**Dataset content**
-----
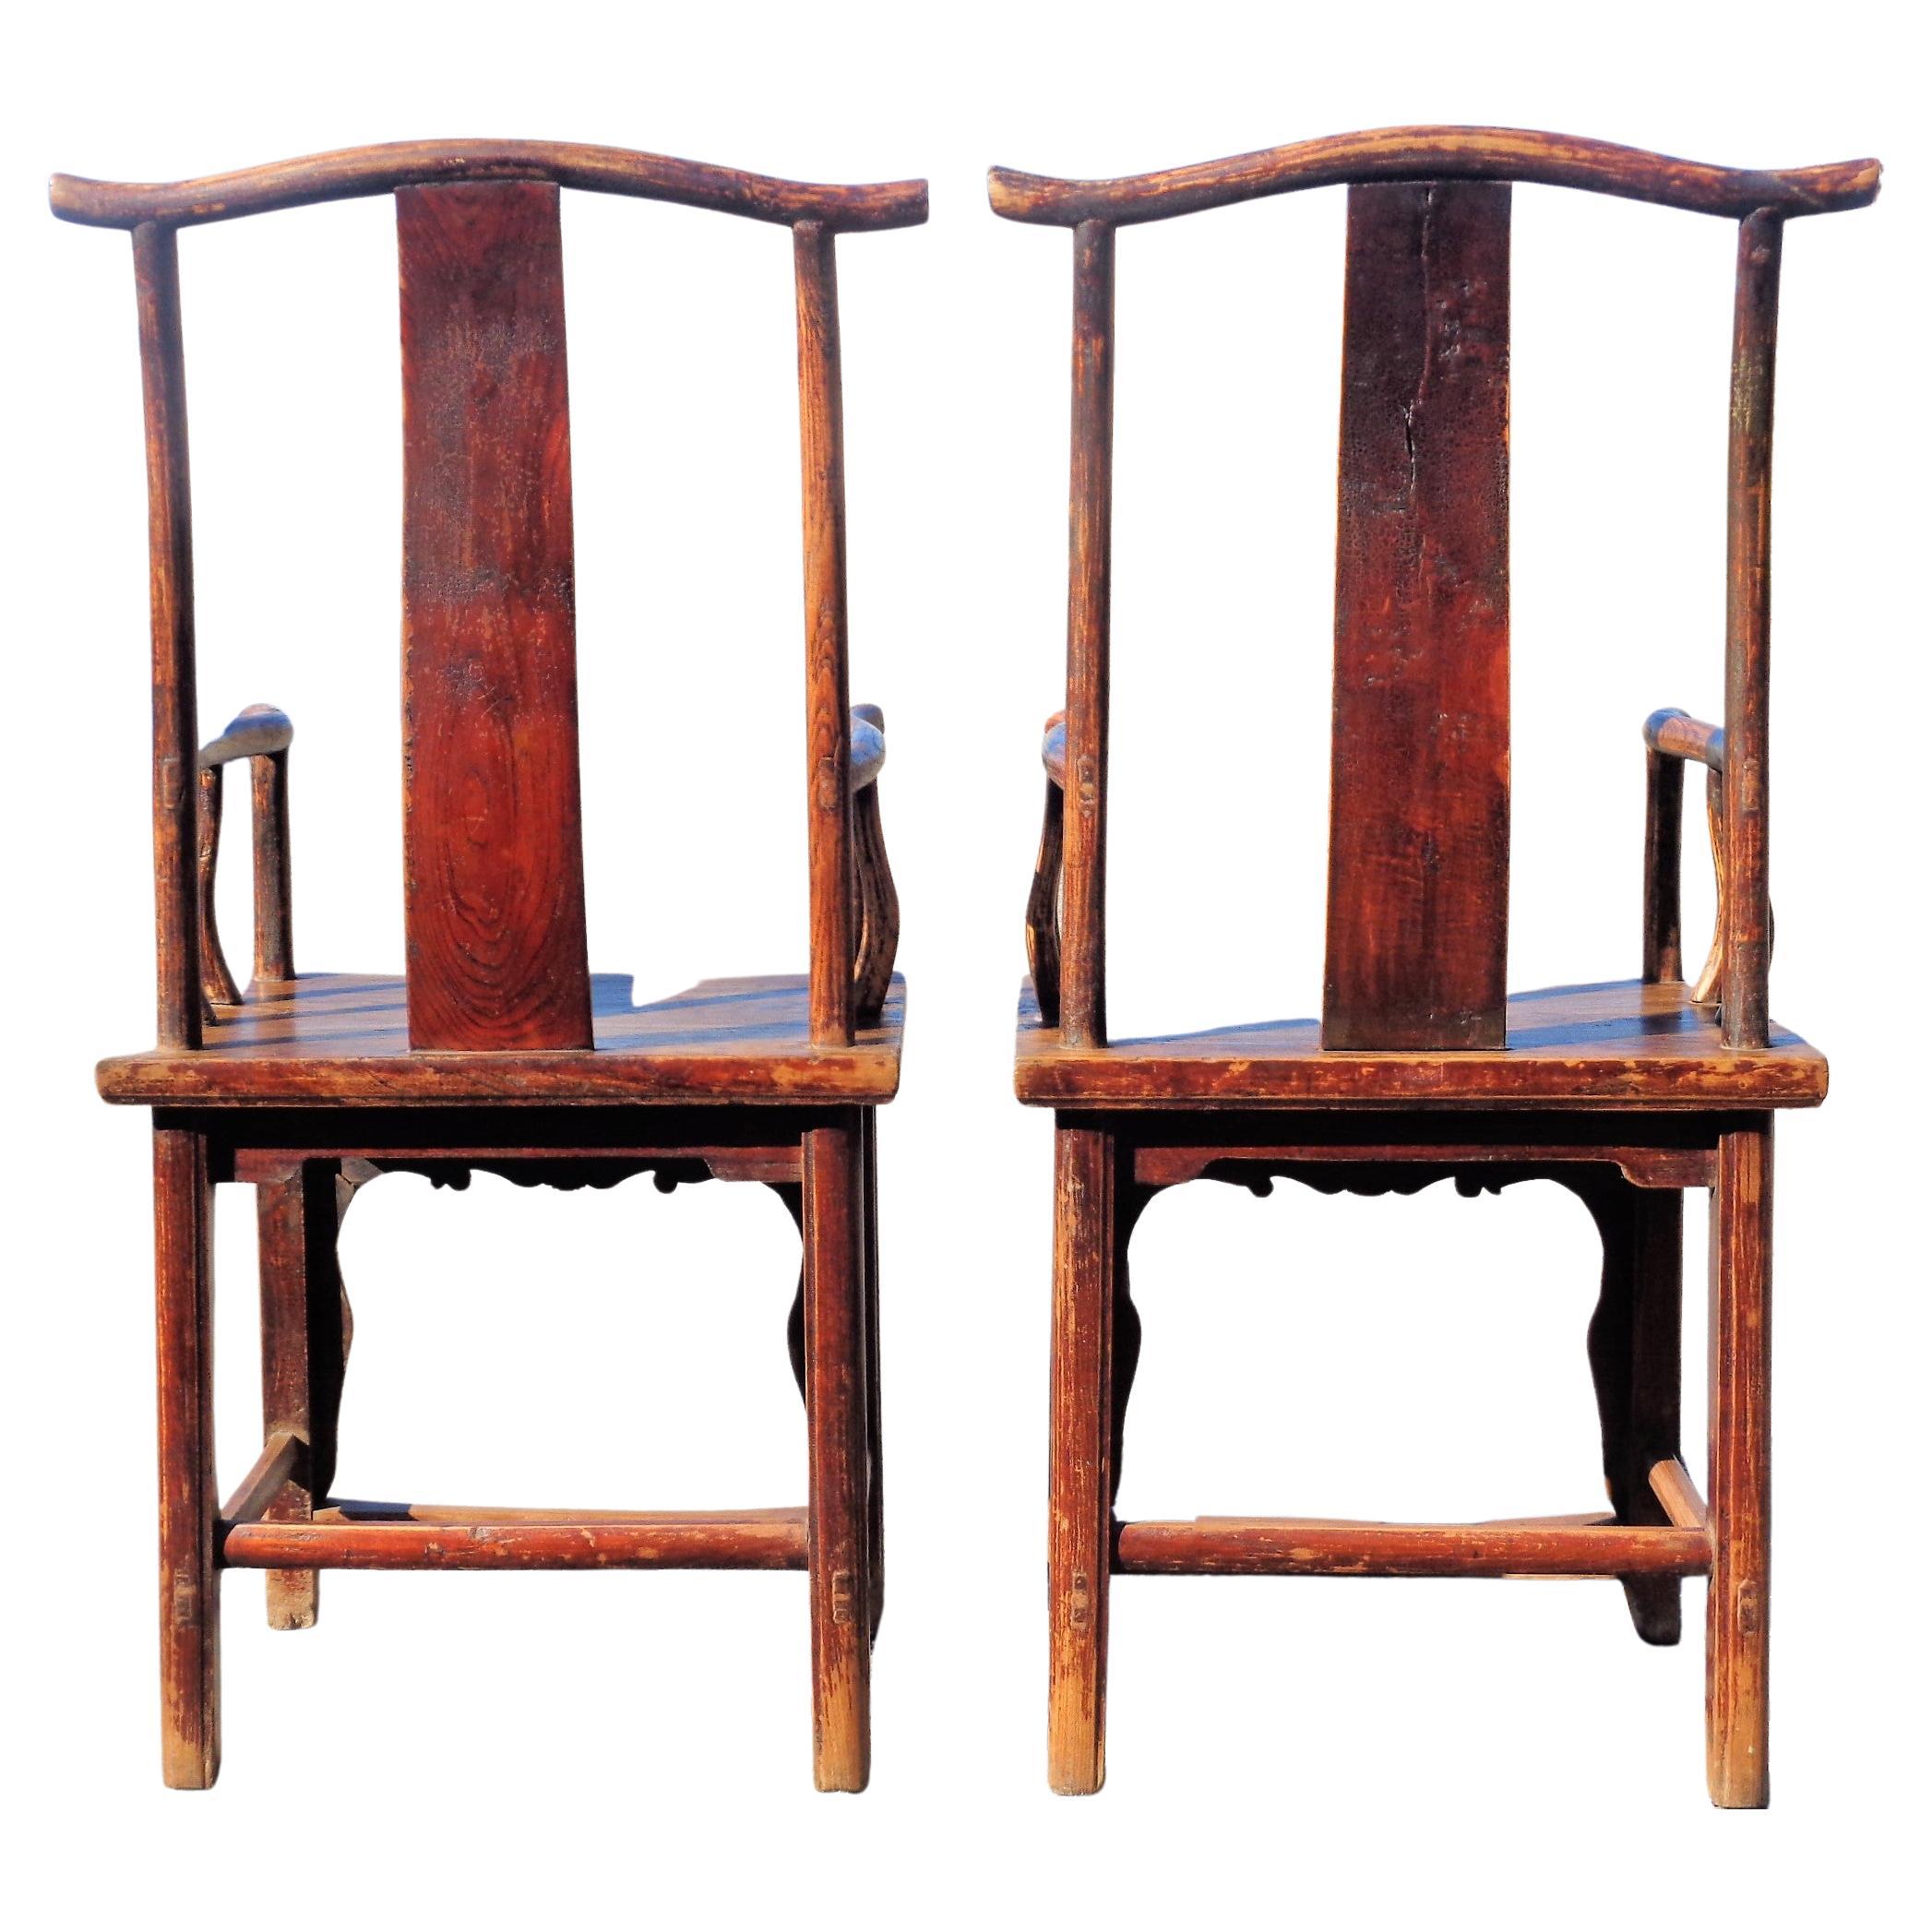 19th C. Chinese Qing Dynasty Hardwood Official's Cap Armchairs  For Sale 2
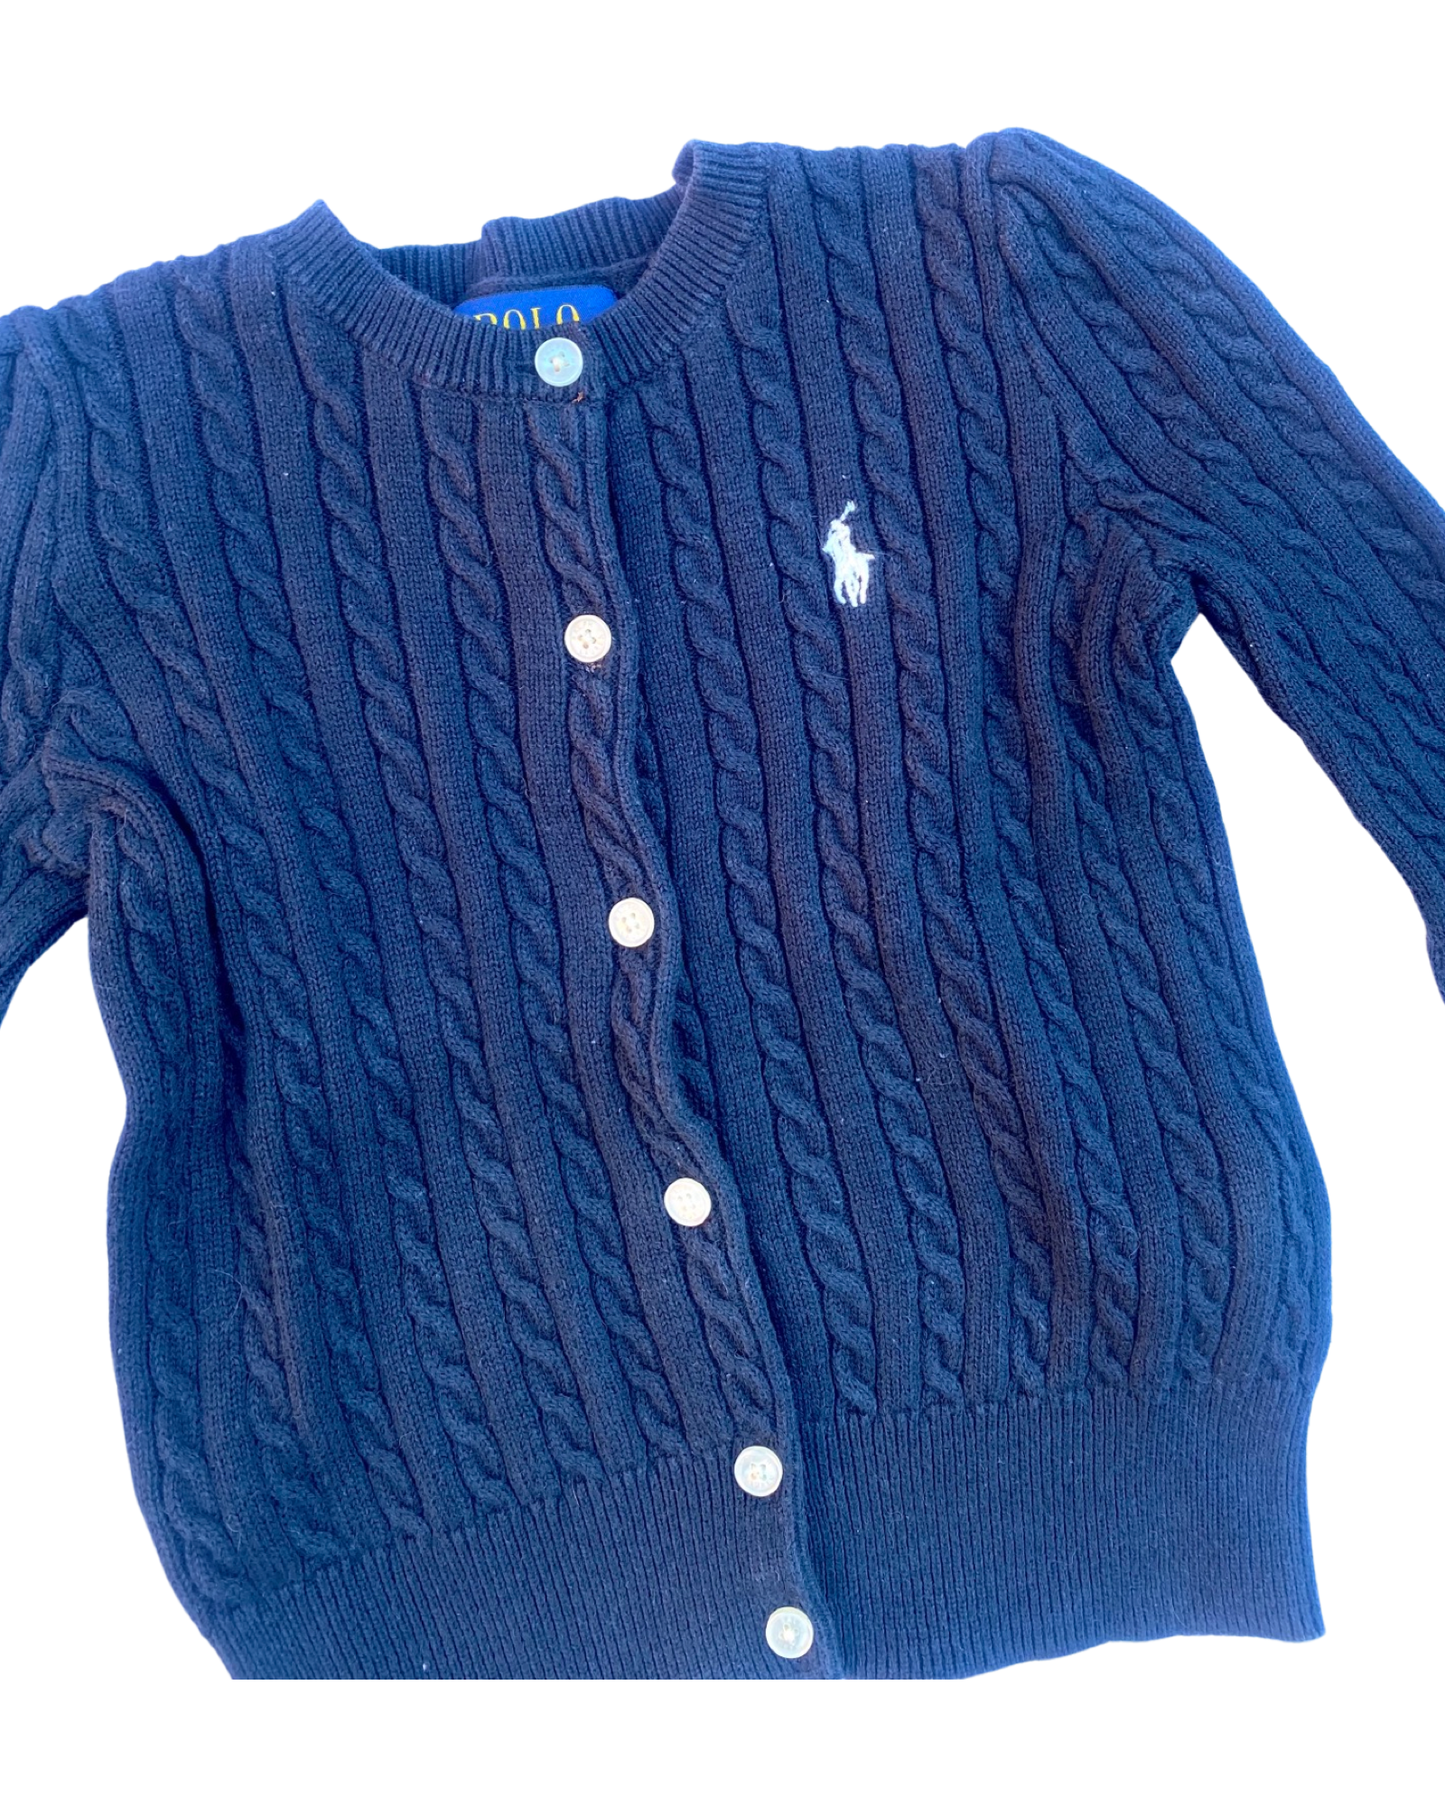 Ralph Lauren navy cable knit cardigan (1-2yrs)
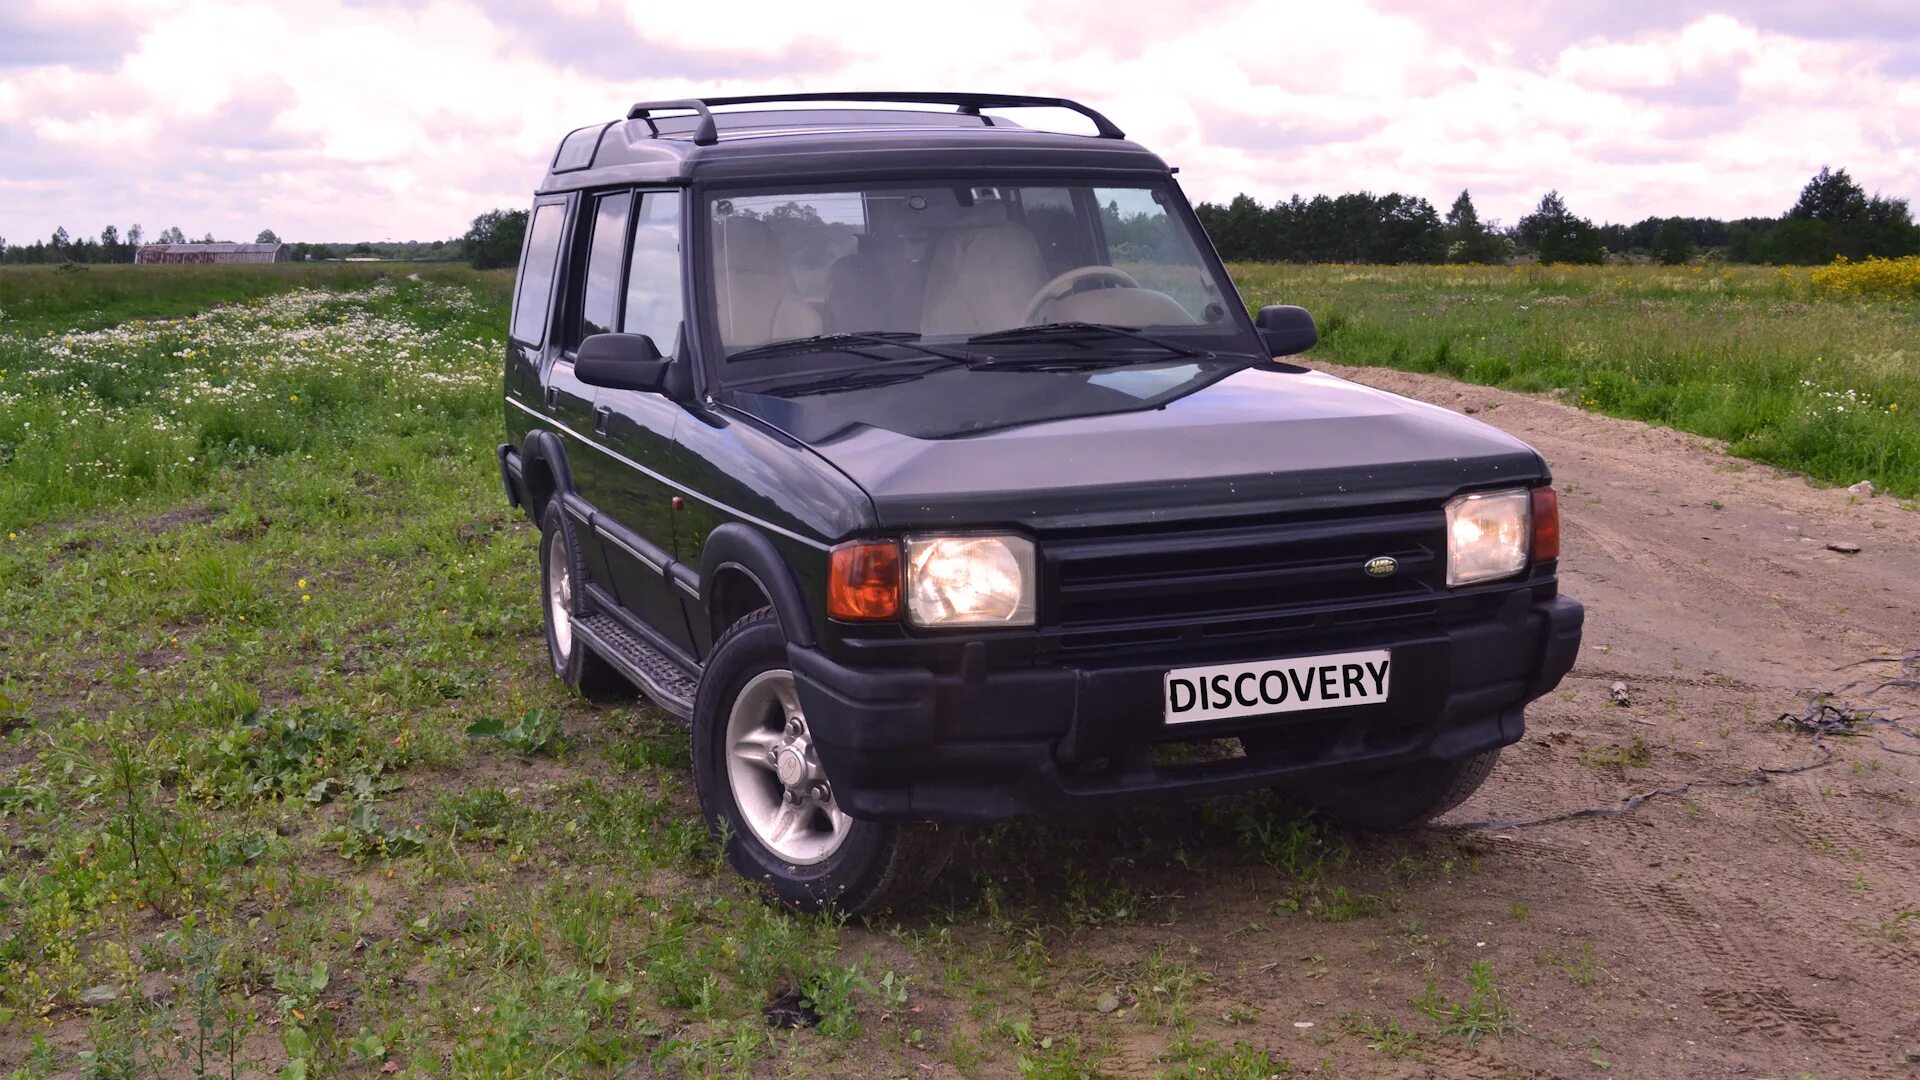 Land Rover Discovery 1996. Ленд Ровер 1996. Land Rover Discovery 1996 2.5 дизель. Range Rover Discovery 1996. Дискавери 2.5 дизель
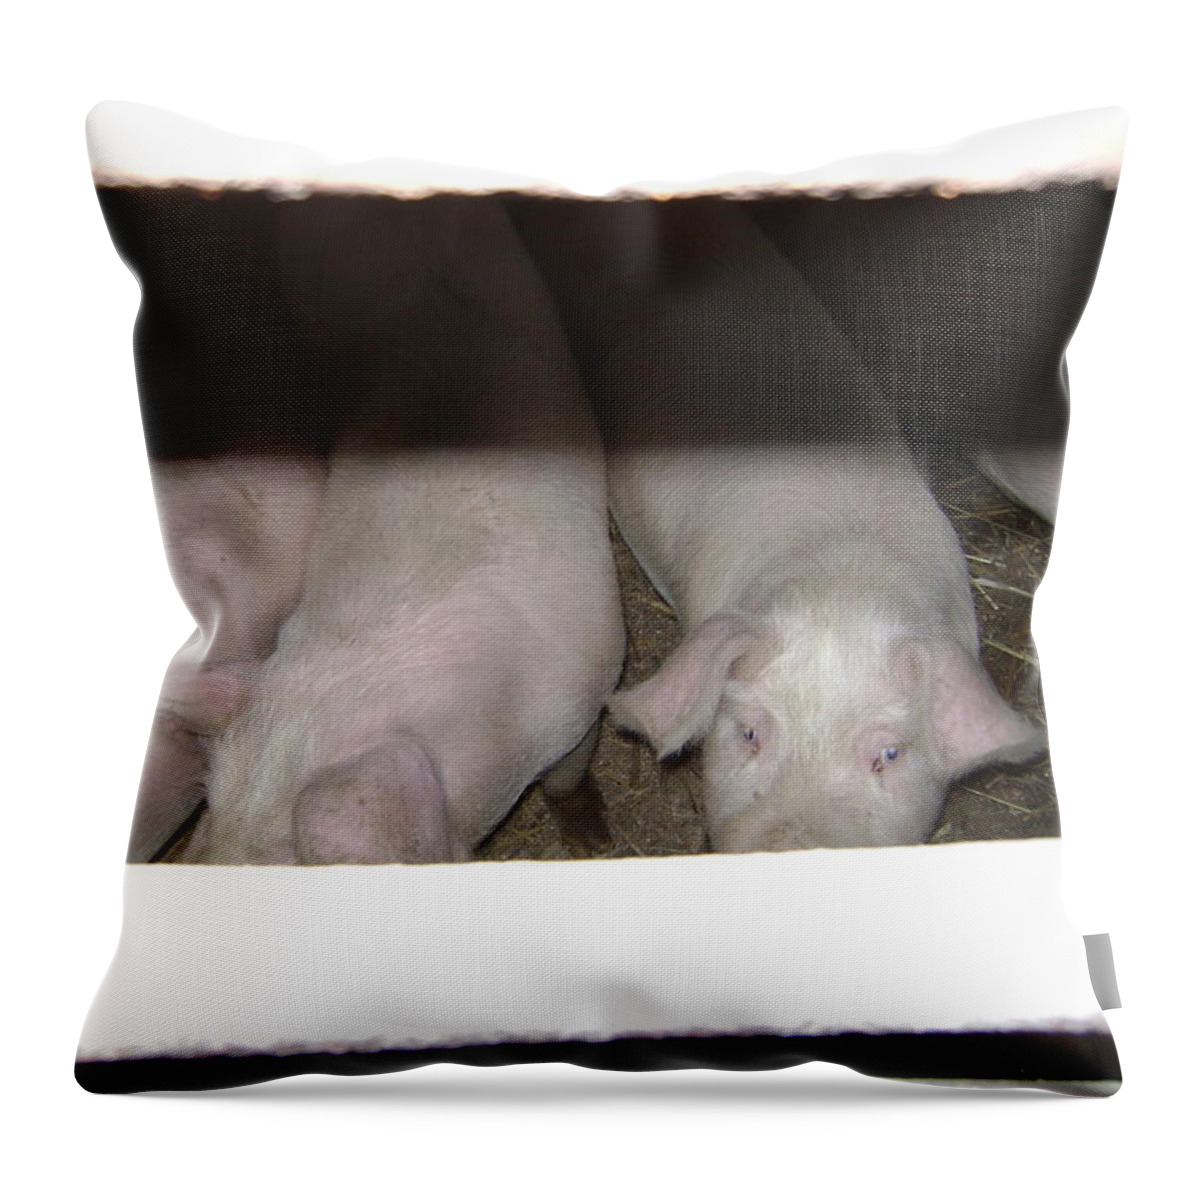 Pigs Throw Pillow featuring the photograph These Eyes by Moshe Harboun
-----
**Task to carry out**
All of the data is to be returned exactly, with no pictures included.

**Solution**
 19th C. Chinese Qing Dynasty Hardwood Official's Cap Armchairs  For Sale 2
 Ralph Lauren navy cable knit cardigan (1-2yrs)
 Land Rover Discovery 1996. Ленд Ровер 1996. Land Rover Discovery 1996 2.5 дизель. Range Rover Discovery 1996. Дискавери 2.5 дизель
 Pigs Throw Pillow featuring the photograph These Eyes by Moshe Harboun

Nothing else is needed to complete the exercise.